Compare that to the first rat I trained (who is arguably the smartest rat I've had - she learned to do things like stacking rings or fetching money from a purse very easily), who took over a week of many daily sessions to learn her first trick (spin!) I'm completely convinced it was my fault it took so long, after all she was the first animal I tried seriously training and I fell into the trap of not only drilling each trick, but raising my criteria so slowly that she actually got stuck on being lured. Shadow really shined during the second half of her life, when my timing and criteria raising skills had improved and I started training multiple tricks per session.


If switching trick rapid fire is difficult, doing 15-30 second sessions for a single trick is your next best bet. That would be maybe a circle or two before you send that rat back to play. After a few of these session, the rat will most likely catch on and you'll be able to just give your hand cue (rats are terrible at distinguishing words, so hand cues are the way to go when teaching them tricks). This is the way I taught my current older girls their first tricks, and while it took them a little longer to learn than my current youngest, they still had several trick down within just a few days.


Finally, I recommend training easy confidence building tricks first. Things like spin, paw, come, backup, and jump to hand are what I find easiest to train, and once the rat understands how to do these they'll begin to get more actively engaged in training, as they've realized that their own actions are influencing when and if they get a reward.


(Side note: Commercial clickers tend to be too loud for rats. Instead, I recommend something like a popped safety lid from a juice jug or baby food jar. I initially tried out a commercial clicker and found that not only did it scare my rats, but pushing down the button was much more time consuming than with a popped lid. So my timing would be off and the rats would be scared, and it was generally a mess. Eventually I lost the commercial clicker and instead of buying another, I tried using a popped baby food lid. It worked perfectly, and I've been using popped safety lids ever since!)

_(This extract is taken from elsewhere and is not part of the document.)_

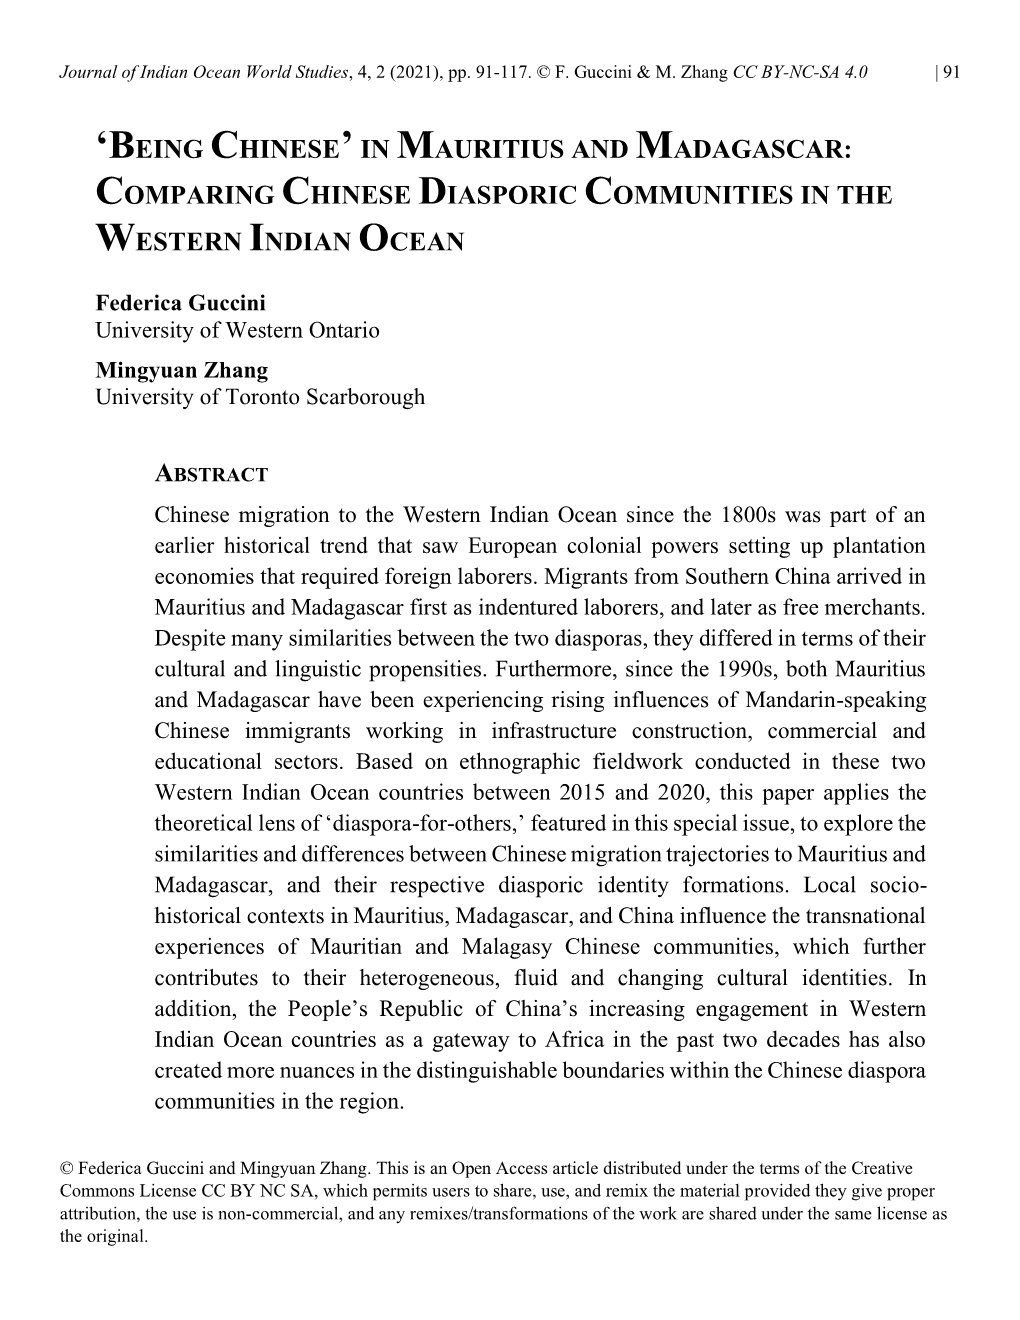 Comparing Chinese Diasporic Communities in the Western

Good luck, and happy training! [img= class=inlineimg]http://www.ratforum.com/images/smilies/smiley.gif[/img]


----------



## Clove2440 (Sep 5, 2015)

In my experience, training is best at a younger age. I never taught my oldest, Luna, tricks when she was younger and now she's not interested but I did teach Minnie and Molly when they were maybe 4-5 months old and they were great. Start with things that you can easily teach like leading him with a treat (cheerios, apples, etc) through a hoop. These things are easily teachable in my opinion and they really love learning tricks (and getting treats).


----------



## athenianratdaddy (Dec 20, 2017)

I don't train my rats in any specific way except the basics, come when called etc. However, I don't think there's an age that's too young to begin training. Rats generally enjoy the interaction with their human(s) and the extra bits of food they get as rewards. Three months is definitely fine.


----------



## Shadow <3 (Jan 25, 2017)

athenianratdaddy said:


> I don't train my rats in any specific way except the basics, come when called etc. However, I don't think there's an age that's too young to begin training. Rats generally enjoy the interaction with their human(s) and the extra bits of food they get as rewards. Three months is definitely fine.


So true! When I started training my most timid girl at just 5 weeks old, she responded very well! It gave her a fun way to interact with me, without the fear of being touched (we worked on that separately). And even now that she enjoys handling, training is still the activity that excites her the most!


----------